We will first evaluate the rate of change of the charge density: $$\frac{\partial \rho}{\partial t} = \frac{\partial}{\partial t}\left[q\delta^3(\vec x - \vec r(t))\right]$$ $$ = q\frac{d\vec{r}}{dt}\cdot\vec\nabla_r\delta^3(\vec x - \vec r(t))$$ as all the time dependence is contained (through $\vec r(t)$) in the delta function. Now, for $\delta(y-z)$, we have the result that $$\frac{\partial}{\partial y} \delta(y-z) = -\frac{\partial}{\partial z} \delta(y-z)$$ We can use this here to get: $$\frac{\partial \rho}{\partial t} = -q\frac{d\vec{r}}{dt}\cdot\vec\nabla\delta^3(\vec x - \vec r(t))$$
The divergence of the current density is: $$\vec\nabla\cdot\vec J = \vec\nabla\cdot\left[q\frac{d\vec{r}}{dt}\delta^3(\vec x - \vec r(t))\right]$$ $$ = q\frac{d\vec{r}}{dt}\cdot\vec\nabla\delta^3(\vec x - \vec r(t))$$ where the field-like dependence on position is once again contained only in the delta function.

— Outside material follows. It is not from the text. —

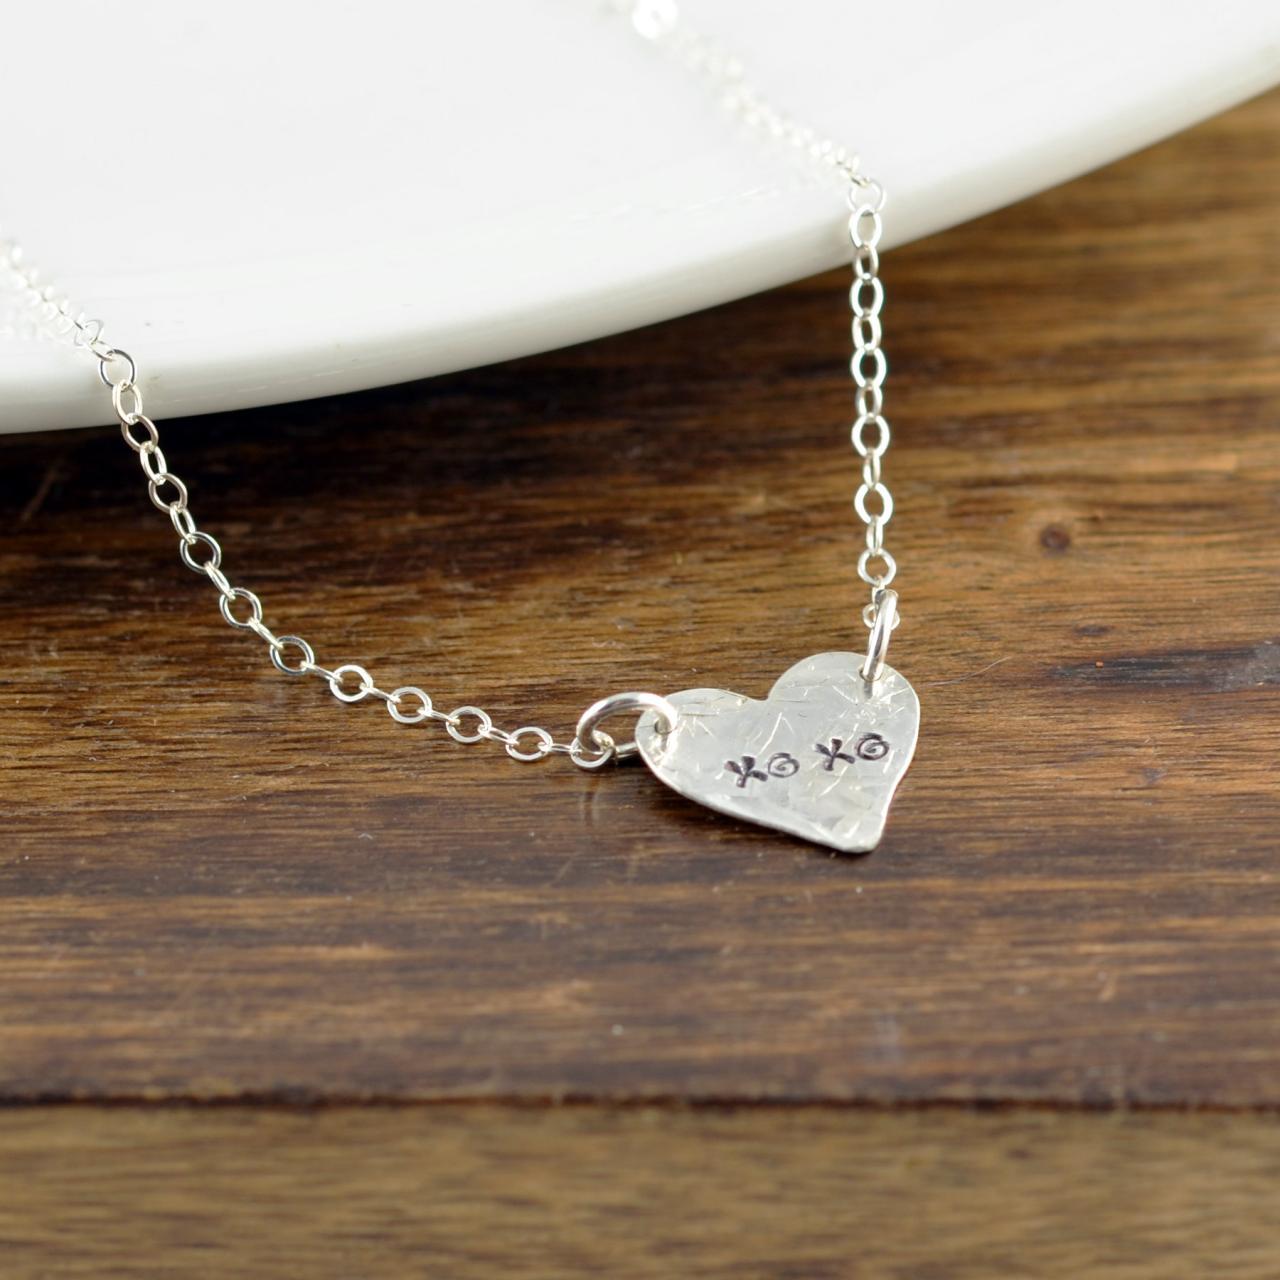 Xo Jewelry, Xo Necklace, Xo Pendant, Hugs And Kisses, Gift For Wife, Gift For Girlfriend, Valentines Day Gift, Valentines Necklace

Now, whenever $\vec x \ne \vec r(t)$, we know that any derivative of the delta function (which is uniformly zero in this region) must be zero and the continuity equation trivially holds for this case. However, at $\vec x = \vec r(t)$, it still holds because of the coefficients of the derivative of the delta function in the above expressions (Note: we can treat the delta function as the limiting case of a well-behaved, but sharply peaking function, and it is this consideration that underlies this argument).
Therefore, the equation of continuity holds for all $\vec x$ (and $t$): $$\frac{\partial \rho}{\partial t} + \vec\nabla\cdot\vec J= 0$$